Highly Versatile Gum Acacia Based Swellable Microgels Encapsulating Cobalt Nanoparticles; An Approach to Rapid and Recoverable Environmental Nano-catalysis

Lyophilic microgels based on Gum Acacia (GAC) were synthesized at room temperature and normal pressure. Briefly, high yield of the spherical shaped microgels of size <= 50 mu m was obtained via introducing linear GAC and divinyl sulfone (DS) in the reverse micelle cores of NBSS in the stirring gasoline. The GAC microgels were then utilized as synthetic micro-templates for fabricating their nanocomposites with Cobalt (Co), to subsequently produce GAC-Co nanocomposite microgels. The as synthesis GAC based microgels and the GAC-Co microgels were characterized through FTIR, TGA, DSC, SEM, EDS, and TEM. Different amounts of GAC-Co microgels were used as nano-catalyst for the degradation of poisonous aromatic compounds and an Azo dye in aqueous medium.

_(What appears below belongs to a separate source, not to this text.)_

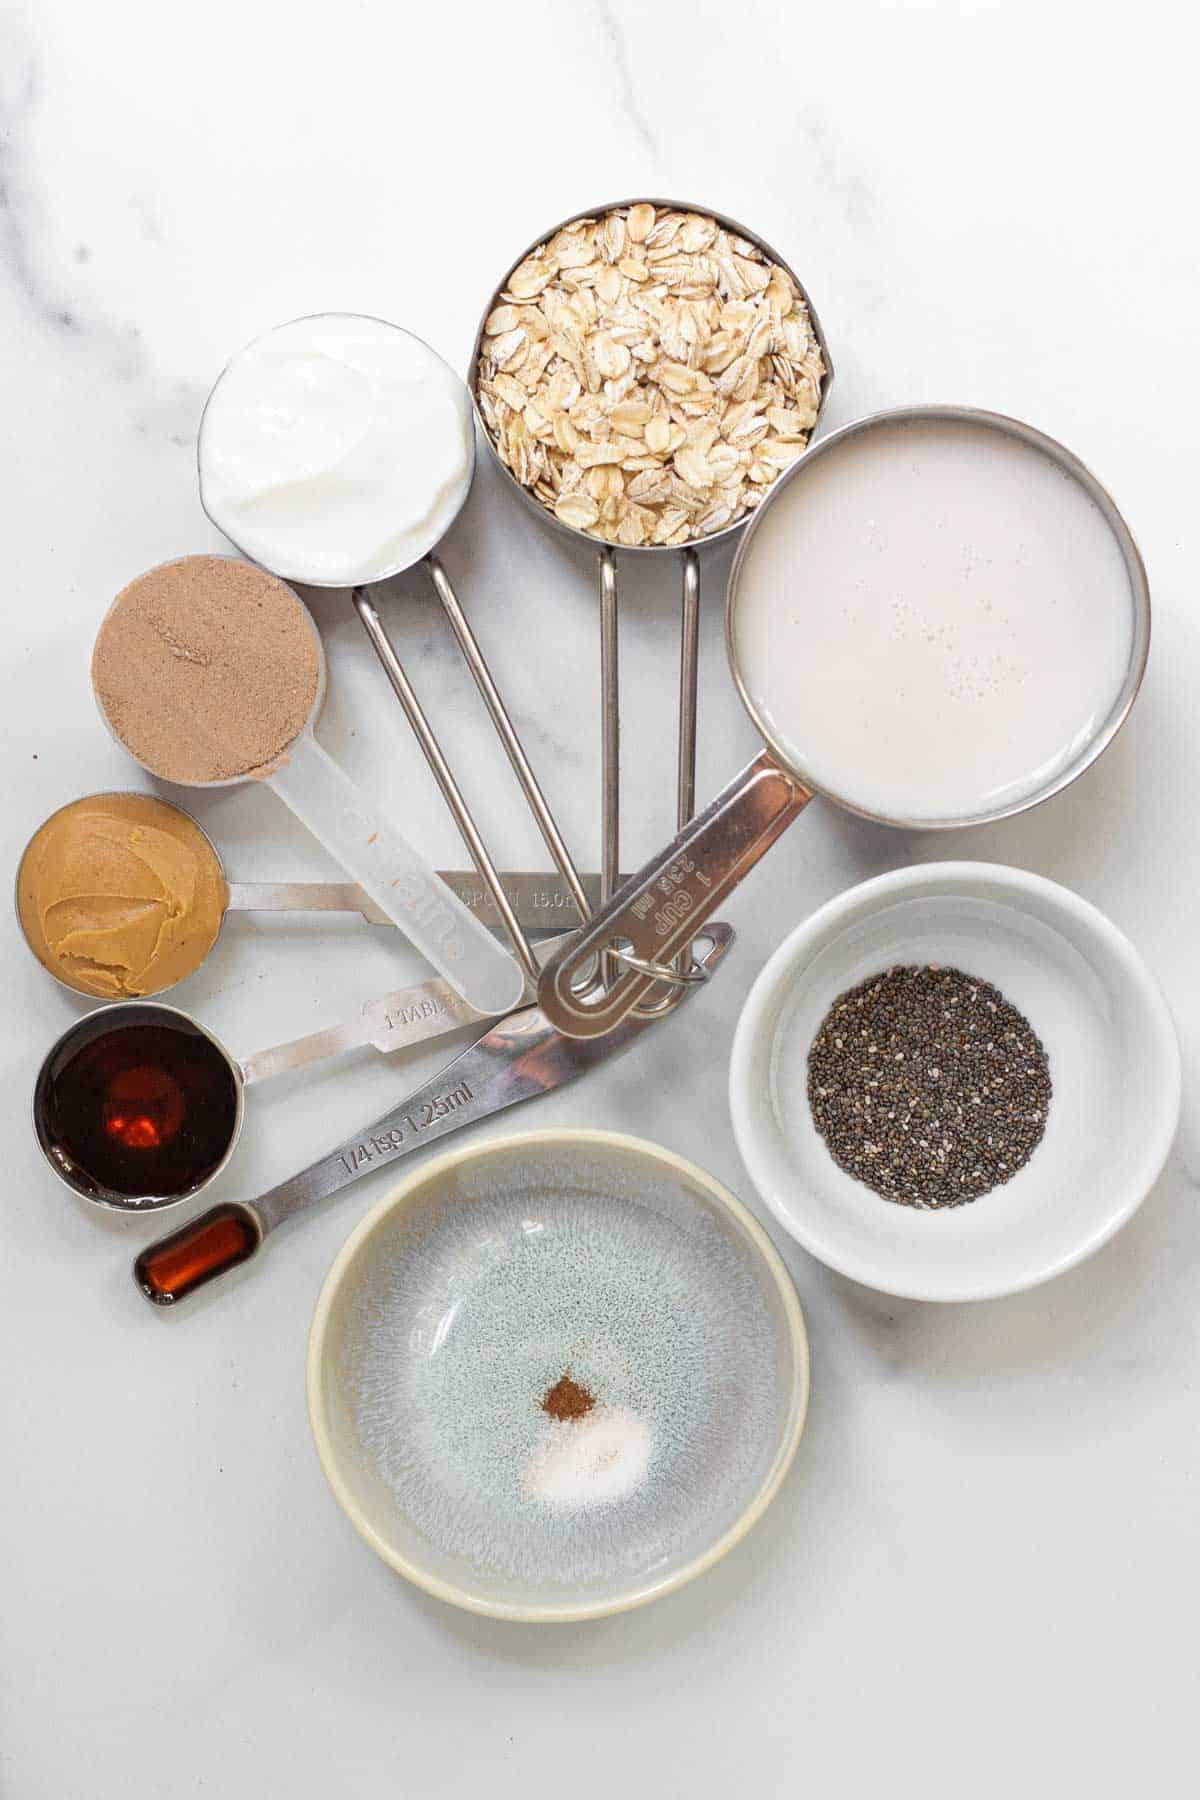 Protein Powder Overnight Oats ingredients: oatmeal, chocolate protein powder, almond milk, Greek yogurt, creamy peanut butter, maple syrup, chia seeds, vanilla extract, salt, and cinnamon.

Briefly, 1 g GAC-Co microgels degraded 100 mL (250 ppm solution) of each the aforementioned compounds in <= 25 min at neutral pH. The increase in the kinetic parameter i.e., rate constant (k(app)) value with increase in the GAC-Co nanocomposite microgels amounts manifests the positive impact of the fabricated nano-catalyst on these compounds degradation at room temperature.

Automated summary

Lyophilic microgels based on Gum Acacia were synthesized at room temperature and normal pressure, and successfully utilized to fabricate GAC-Co nanocomposite microgels. The nano-catalyst GAC-Co microgels showed high efficiency in degrading toxic aromatic compounds and Azo dye in aqueous medium at neutral pH, with the rate constant (k(app)) value increasing with the amount of GAC-Co nanocomposite microgels.